Pulling a mock server for your APIs out of thin air

Table of contents


A couple of days ago, marcushg mentioned on the #servant IRC channel that one could probably easily use the information available from API types to “derive” a mock implementation of your request handlers that just generates random values of whatever the return type of the handlers are. Julian and I discussed this a bit today and I just went ahead and wrote down our thoughts in a new branch. The result will be explained in this post, but in short, it lets us take a type describing a web API, such as:

type API = "user" :> Get '[JSON] User

and generate request handlers that just respond with random values of the appropriate type, User in our case. In servant/wai terms, this means we get a mock function with the type:

mock :: HasMock api => Proxy api -> Server api

i.e., “given an API type, please generate a mock server for such an API”. This effectively means “please pull a mock server out of thin air for me”.

Out of thin air, really? Not exactly. But let’s start by clearly stating the problem.

The Problem

servant lets you describe web applications with a Haskell type using the combinators from servant’s type-level EDSL. Such a type would be:

-- In English:
-- the API has one endpoint, under /user, which returns
-- response bodies in JSON that describe values of type User
type API = "user" :> Get '[JSON] User

where User could be defined as:

newtype User = User { username :: String }

The goal would be to “automagically” derive a request handler of the right type that we could use as a placeholder until we properly implement a handler that talks to the database and responds with “the real data”.

For anyone not familiar with servant already, you just need to know that it means we need to somehow automatically implement a computation with the type:

getUser :: EitherT ServantErr IO User

possibly by constraining the user to provide an instance for some random generation class.

The Plan

Just like servant-server, servant-client and others, we need a class whose instances will define the way we interpret each combinator, in a way very specific to this task: we will produce what servant-server takes as input, i.e., request handlers! This all means we are basically looking at a class like:

class HasServer api => HasMock api where
  mock :: Proxy api -> Server api

where Server api just computes the types of the all the request handlers of an API type. In our case, Server api is computed as follows:

-- api = the API type from above in our case
Server API = Server ("user" :> Get '[JSON] User)
           -- static strings in the path do not influence
           -- the type of a handler
           = Server (Get '[JSON] User)
           -- EitherT ServantErr IO is the default monad
           -- in which handlers run
           = Either ServantErr IO User

So we have to implement at least support for static string fragments in the path and the Get combinator (i.e handlers for HTTP GET requests).

HasMock instances

Let’s start with the one for static path fragments, it’s the simplest one: we ignore the string bit and move on to what comes after.

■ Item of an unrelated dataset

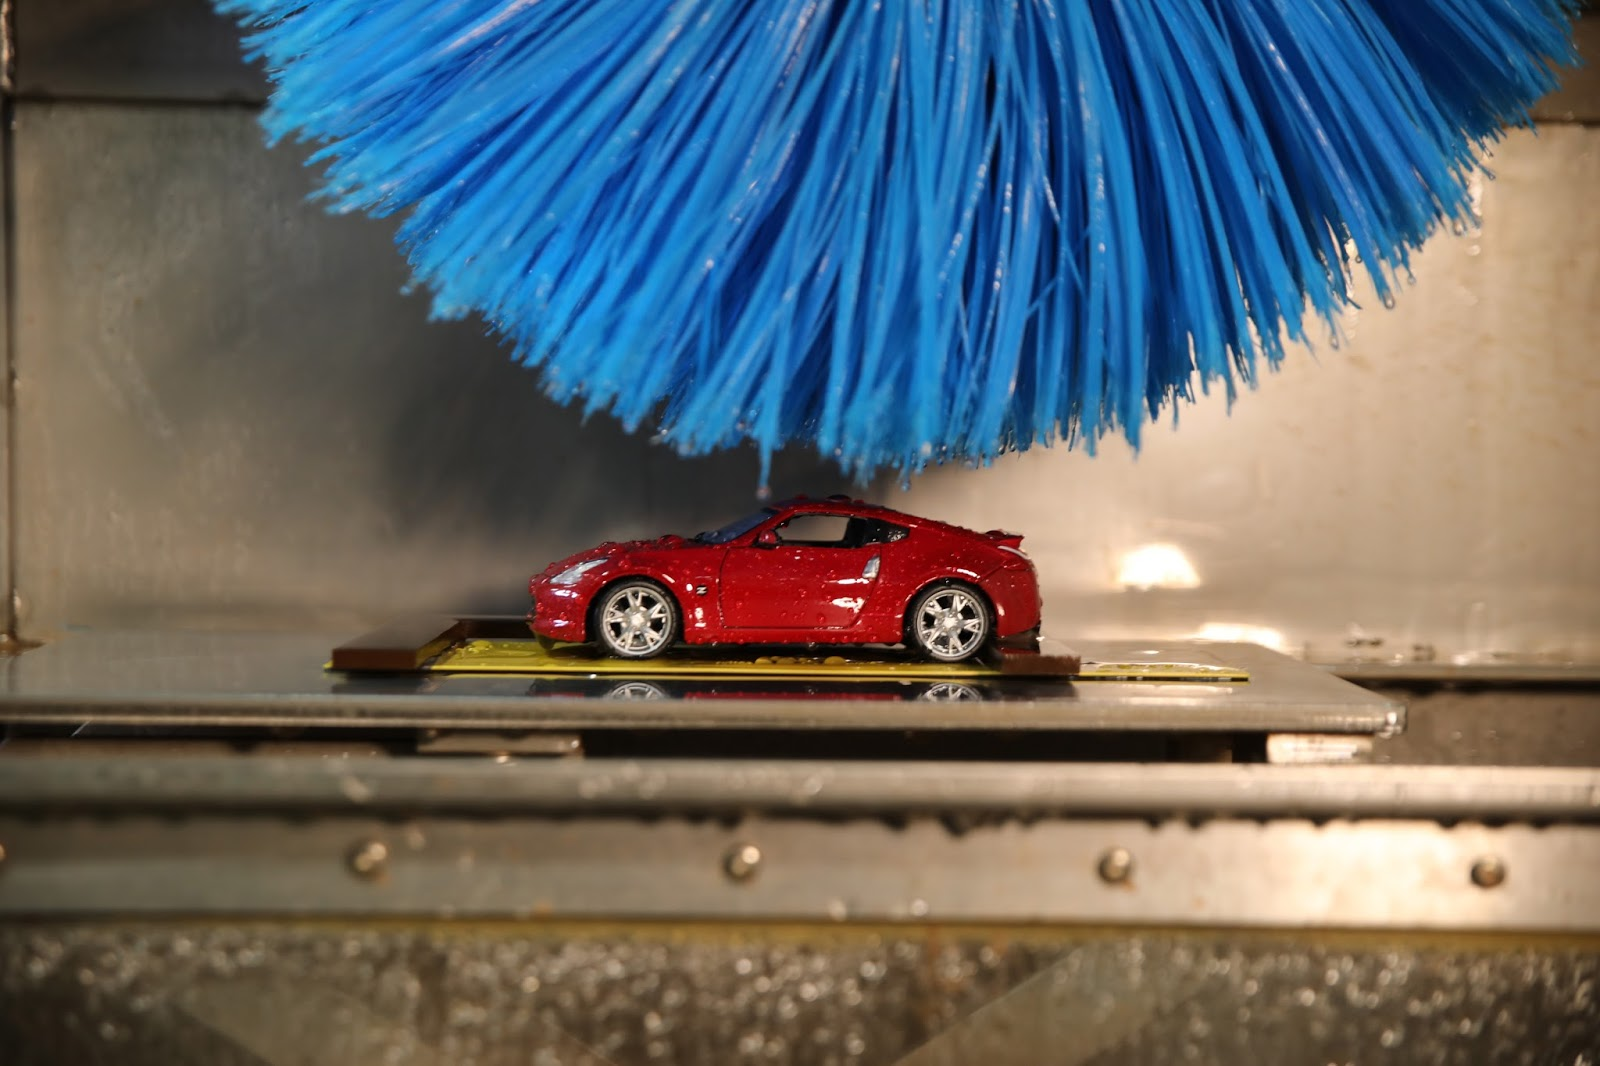 Nissan Car Wash Photo 2 Πώς δοκιμάζει την αντοχή των χρωμάτων της η Nissan Nissan, Nissan 370Z, video, videos, βίντεο, Τεχνολογία

instance (KnownSymbol path, HasMock rest) => HasMock (path :> rest) where
  mock _ = mock (Proxy :: Proxy rest)

Don’t be scared by KnownSymbol, it basically just means “path is a type-level string”, that is, a string that appears in a type.

Next comes the one for Get. This one is trickier: this is the combinator that says what type the handler returns. The returned value then gets encoded into JSON, HTML, CSV or any format of your choice. In our case, the handler returns a User and can only encode it in the JSON format.

Now the heart of the matter really is: we know we need to return an User and our EitherT ServantErr IO monad mentions IO, couldn’t we randomly generate an User? Yes, we can! For the purpose of a mock server, we will simply use QuickCheck’s Arbitrary class, which represents types for which we can generate random values, given a random number generator.

class Arbitrary a where
  arbitrary :: Gen a
  -- and another method, but optional

The Gen type provides instances for the Functor, Applicative and Monad classes and Arbitrary comes with instances for many of the types in base.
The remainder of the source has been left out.